Ghosts speak between the beats on The Bravest Man in the Universe, but Bobby Womack is not one of them. His voice — a vehicle for some of soul music’s most memorable midnight pleas and morning cock crows — could never pass for dead, even if it’s now scuff-marked. That scrappy instrument galvanizes this collaboration with Britpop polymath Damon Albarn and XL Records owner-producer Richard Russell, making what could have been a beautiful mummification into an assertion of intelligence and power, full of blood, sweat and salty vinegar. Whether dropping to creaky knees in a love man’s classic stance, getting philosophical on a bar stool like Frank Sinatra, or chasing the gospel train to modern-day Africa, Womack defines this project, his stance summed up by the crowning phrase of the album’s final track, “Jubilee”: “Don’t let anybody turn you ’round!”

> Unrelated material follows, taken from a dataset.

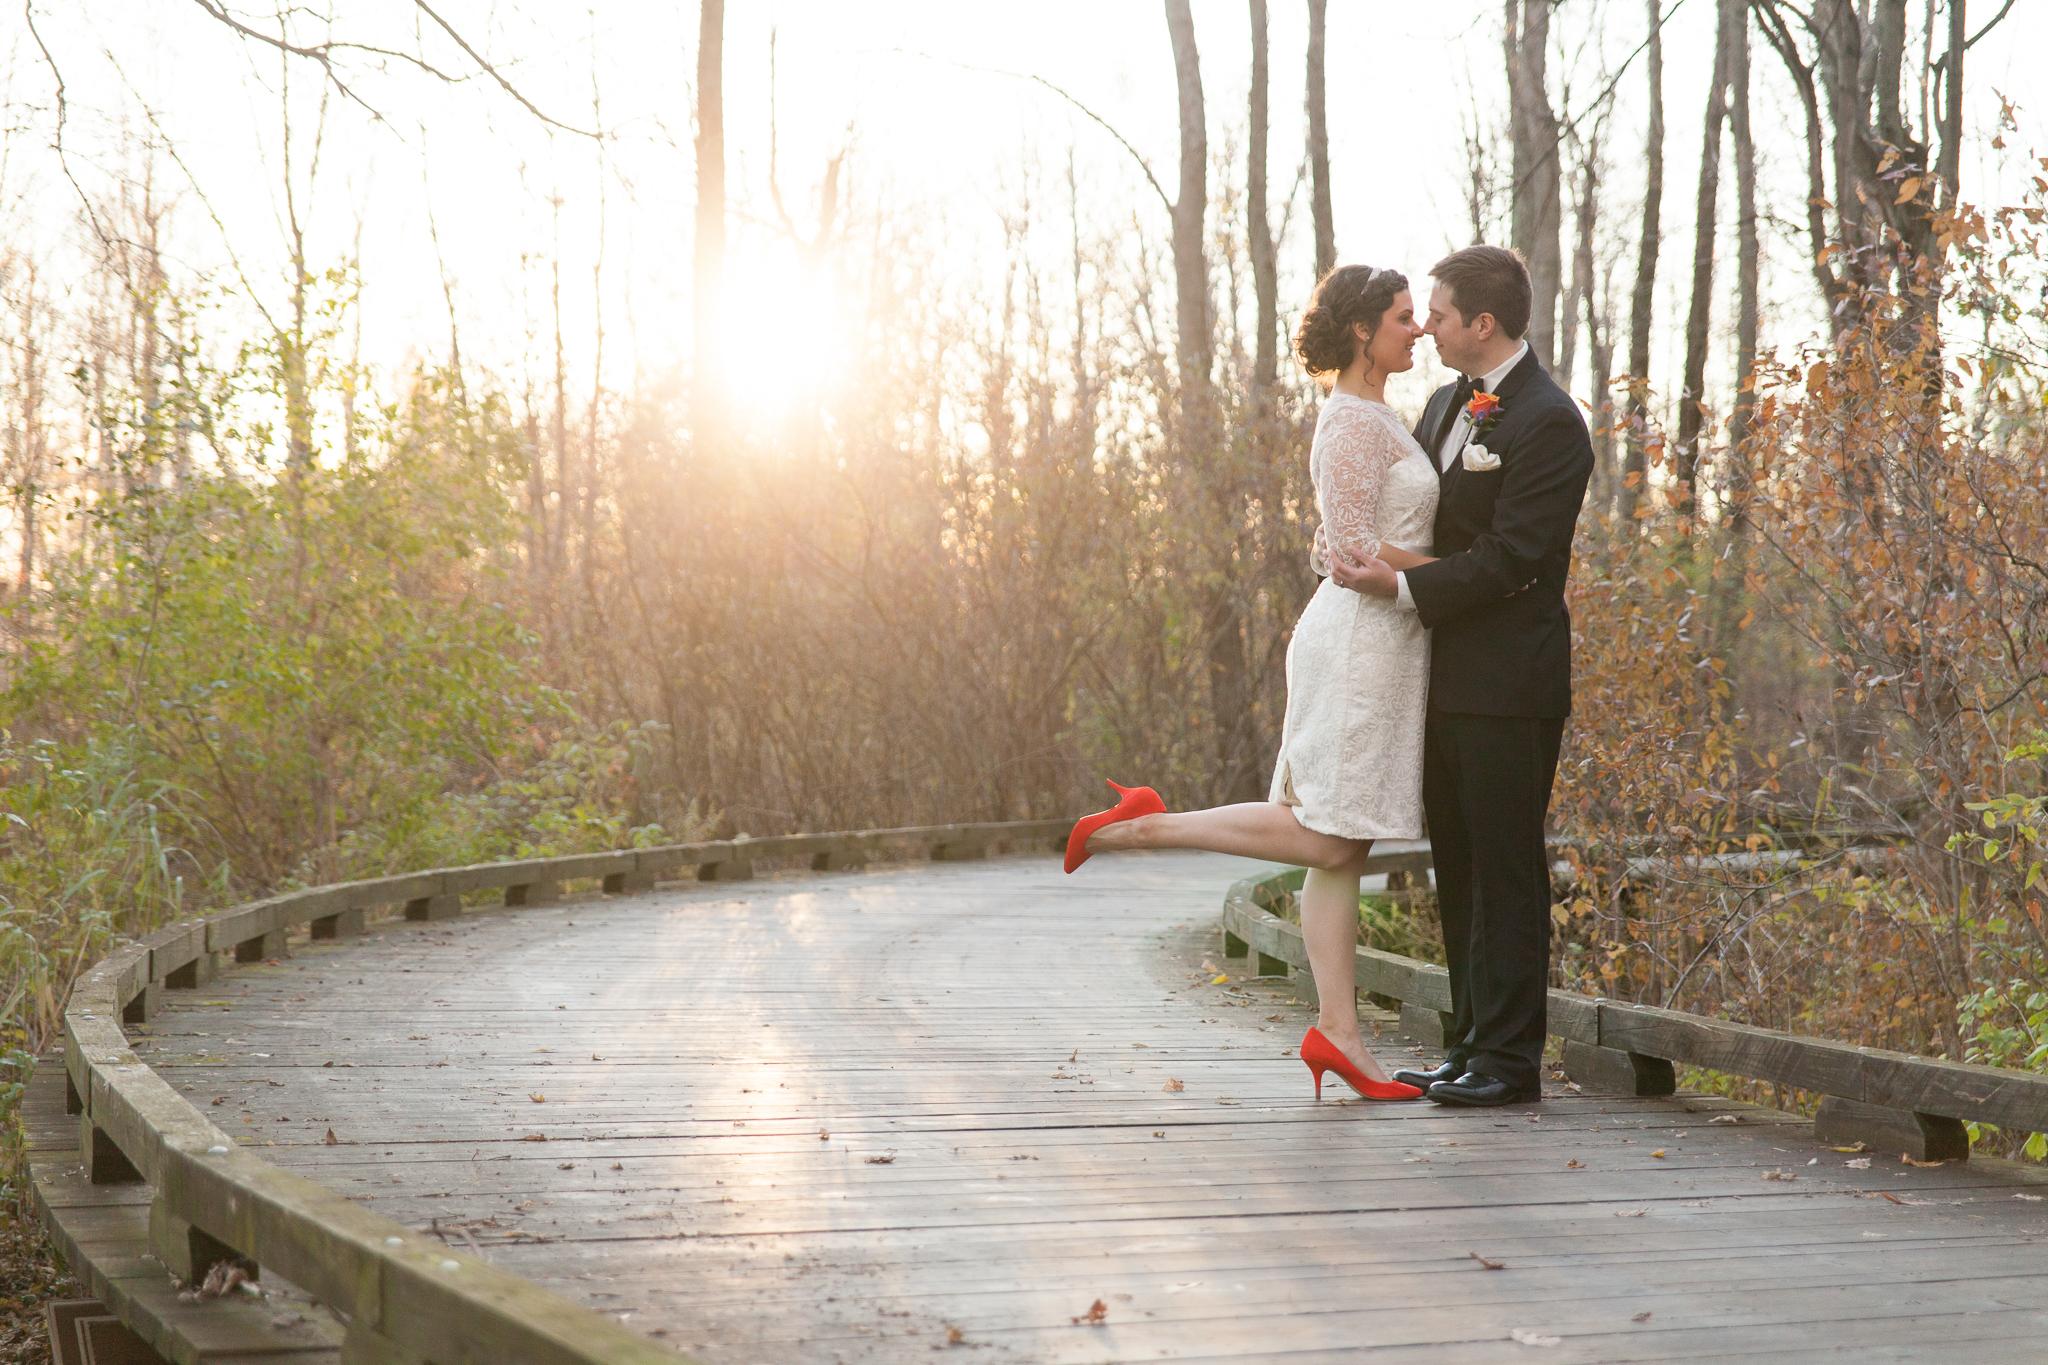 camuglia-whomstudio-chelsea_and_andy-nycphotographer-wedding-brooklyn-buffalo-timberlodge-058-0467.jpg
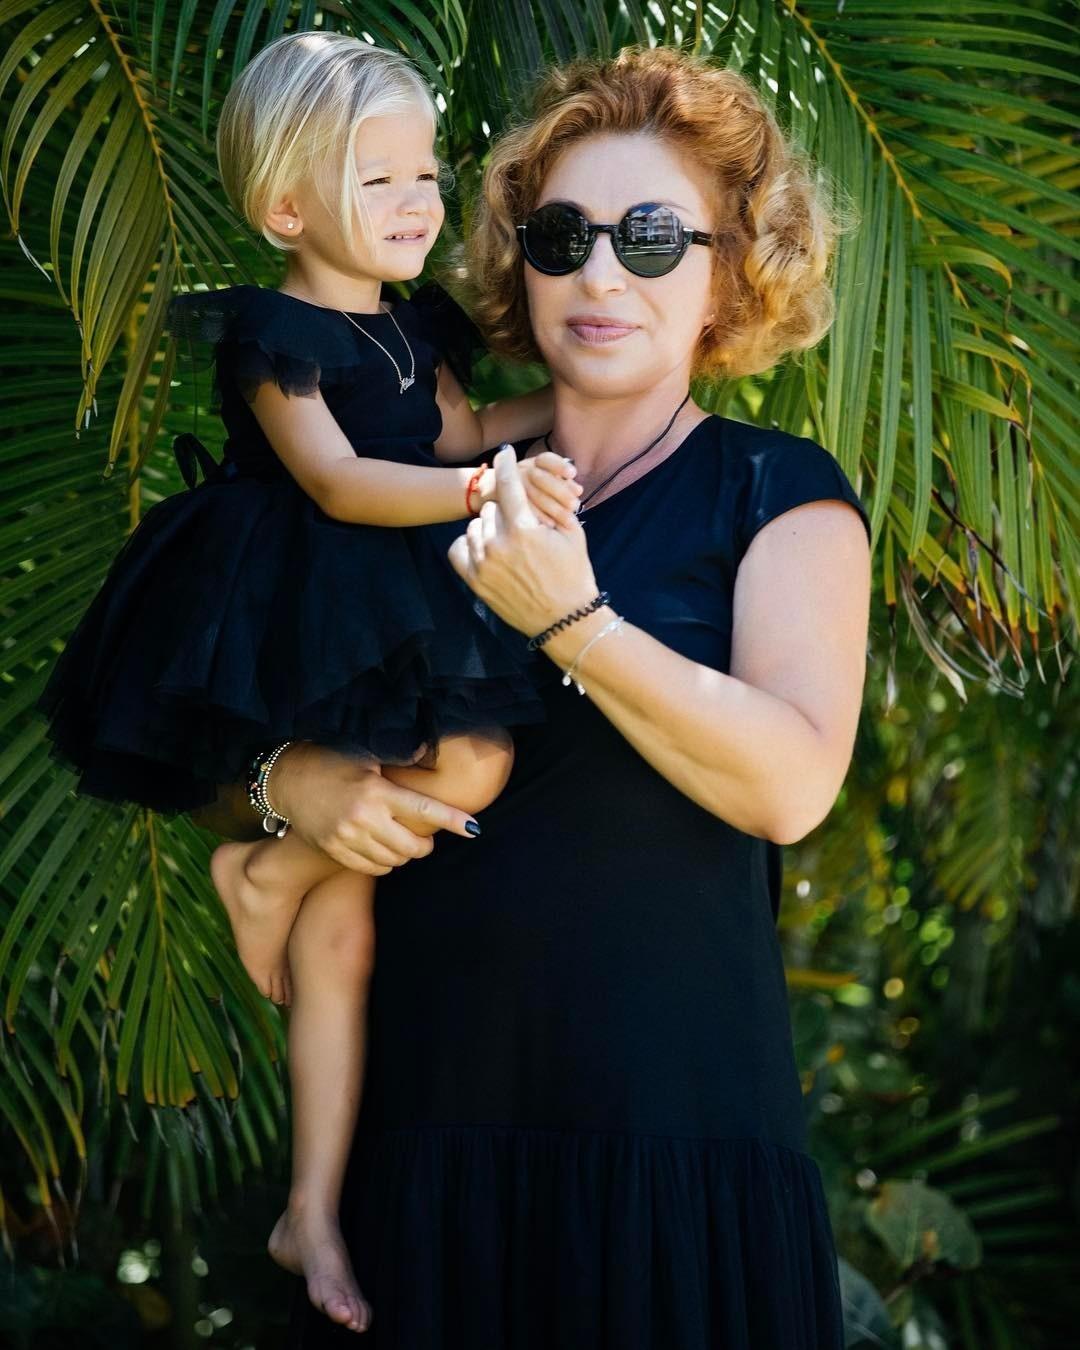 «Неделю лежала на диване и плакала»: мама Тимати рассказала, как пережила развод

The atmospheres shaped by Albarn’s keyboards and Russell’s beats and samples sound nothing like traditional R&B (whatever that is), yet there’s no doubt that they serve Womack’s own sensibility. It may seem unnecessary to state that he’s front and center on an album bearing his name, but when an elder works with younger admirers whose approach was formed within a different aesthetic, a kind of erasure can occur. Great artists, either dressed up in period outfits that no longer fit or lost within new settings that obscure their gifts, can be rendered mute. It’s reasonable to fear that this could happen to Womack. Why couldn’t he just make another great R&B album, as he’s been doing since 1968? Yet to assume that The Bravest Man in the Universe is less genuinely his because it’s redolent of trip-hop and ambient electronica is to discount the truly curious spirit of a man who deserves the overused assignation of “maverick.”

This isn’t the first time Womack has found a new self by partnering with British acolytes, nor was his pairing with Albarn in the Gorillaz track “Stylo” a real surprise. In the 1970s, Womack toured with The Faces, contemplated making a Sam Cooke tribute album with Rod Stewart, and even co-produced Ron Wood’s second solo album. He’s always covered rock songs, melding the intense engagement he learned as a gospel youth with more singer-songwriterly ways of unveiling the human psyche. From his youth as a Cooke protégé to his brilliant 1980s duets with Patti LaBelle, Womack has proven himself to be one of pop’s most open free spirits, always ready for a new perspective.